On Saturday, December 3rd, Bb OWL required a complete system restart to resolve performance problems. This extreme action was unavoidable and a direct result of unprecended usage. We are exploring options to reduce the likelihood of a repeat of this problem. Most IT problems are easily solved with money. With the scheduled retirement of Bb OWL at the end of the winter 2012 term, additional spending is not a sensible option. I prepared these notes to explain our current predicament to underscore the urgency of moving courses to our new BbLearn environment as quickly as possible.
Our Bb OWL environment is comprised of multiple servers: 5 application servers and 1 database server. When you login, an applicance known as a load balancer looks at the 5 application servers, picks the one with the fewest number of users, and starts your session on that server. All actions you do such as reading a discussion posting, opening a file with assignment instructions, checking the grade book, etc. are small programs. Each application server is identical so from your standpoint as a user it doesn’t matter which one is running your session.
The vendor, Blackboard, suggests that each of the 5 application servers can comfortably handle about 500 concurrent users. When the user-count exceeds that number, it is predictable that performance degrades. On our 5 application servers we can comfortably accommodate 2,500 users at the same time. Prior to this fall, normal numbers at the peak of the day during busy academic terms topped out at around 3,700 users which is obviously higher than the vendor’s recommendation but was generally OK with little apparent performance degradation.
On Saturday, December 3rd, the number of concurrent users exceeded 4,700 for a short period which is the highest number we’ve recorded since starting operations with our current product in 2006. Our system simply ran out of resources to handle the number of users and the only cure was a complete restart. After the restart and restoration of service, after 60 minutes the number of concurrent users climbed to around 3,500 and remained at that level throughout the afternoon without additional incident.
In an ideal world, to solve this problem all we need to do is install additional application servers to have the horsepower to cope with the occasional burst of high traffic. If we accept the vendors recommendation of 500 users per application server, then to handle the Saturday numbers we need to double our current count. Each server is around $4,000 so this solution has a price tag of $20,000 in hardware before factoring in the cost of setup, backups, etc.
You may have missed above that after the restart the concurrent user count did not reach the 4,700 number at the point of failure. Many of the sessions as the moment of failure were connections which had been idle for up to 120 minutes. These are sessions where users shut down their computers without logging out, or simply walked away from logged on computers. It is important to log out of your session when finished. Today I instructed our system administrator to reduce the time-out interval to 30 minutes. This only applies when sesssions are idle. As long as you continue to take some action in Bb OWL, your session will continue until you logout. Please remember to log out of your session when you are finished.
We are considering turning off services like the Whos Online as it requires continuous resources. Although a nice feature, it’s not essential and gobbles up system resources which are better used in reading discussion postings, submitting assignments, taking quizzes, etc.
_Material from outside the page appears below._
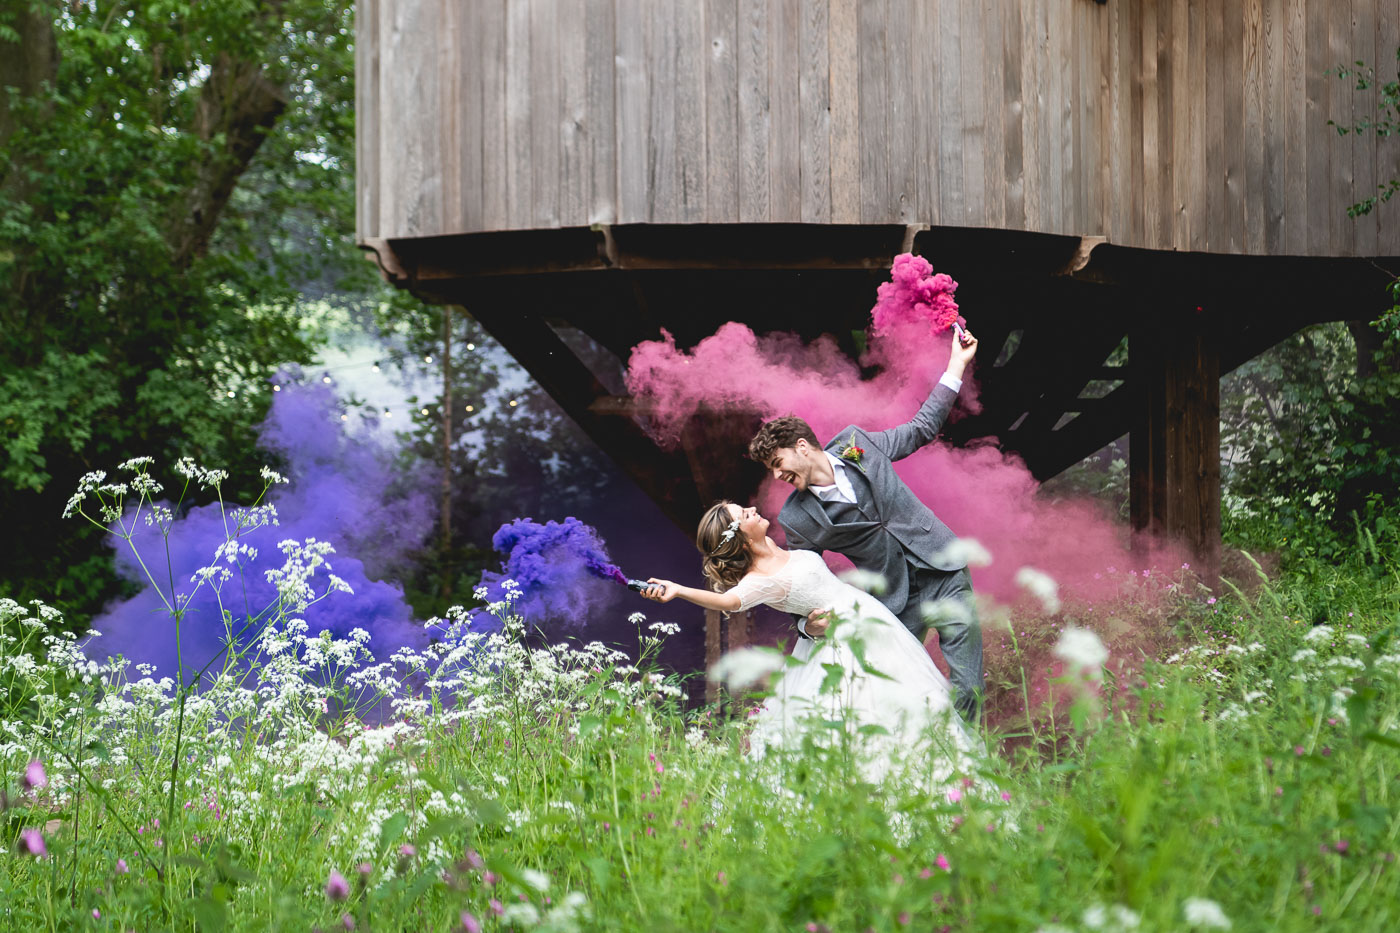 hothorpe-woodlands-wedding-300519-1010.jpg

So when all is said and done we can solve the problem of occassion traffic bursts by spending money on our current system. However, that is not a sesnsible action to take given our new environment, BbLearn, is ready for use starting in January 2012. It has plenty of horsepower to cope with bursts such as we experienced last Saturday. Spending on our current system is comparable to putting a bigger engine in a Model T with a luxury car sitting empty in the driveway.
Our best option is to get courses in our new environment as soon as possible. Reminder: please log out of your session when finished.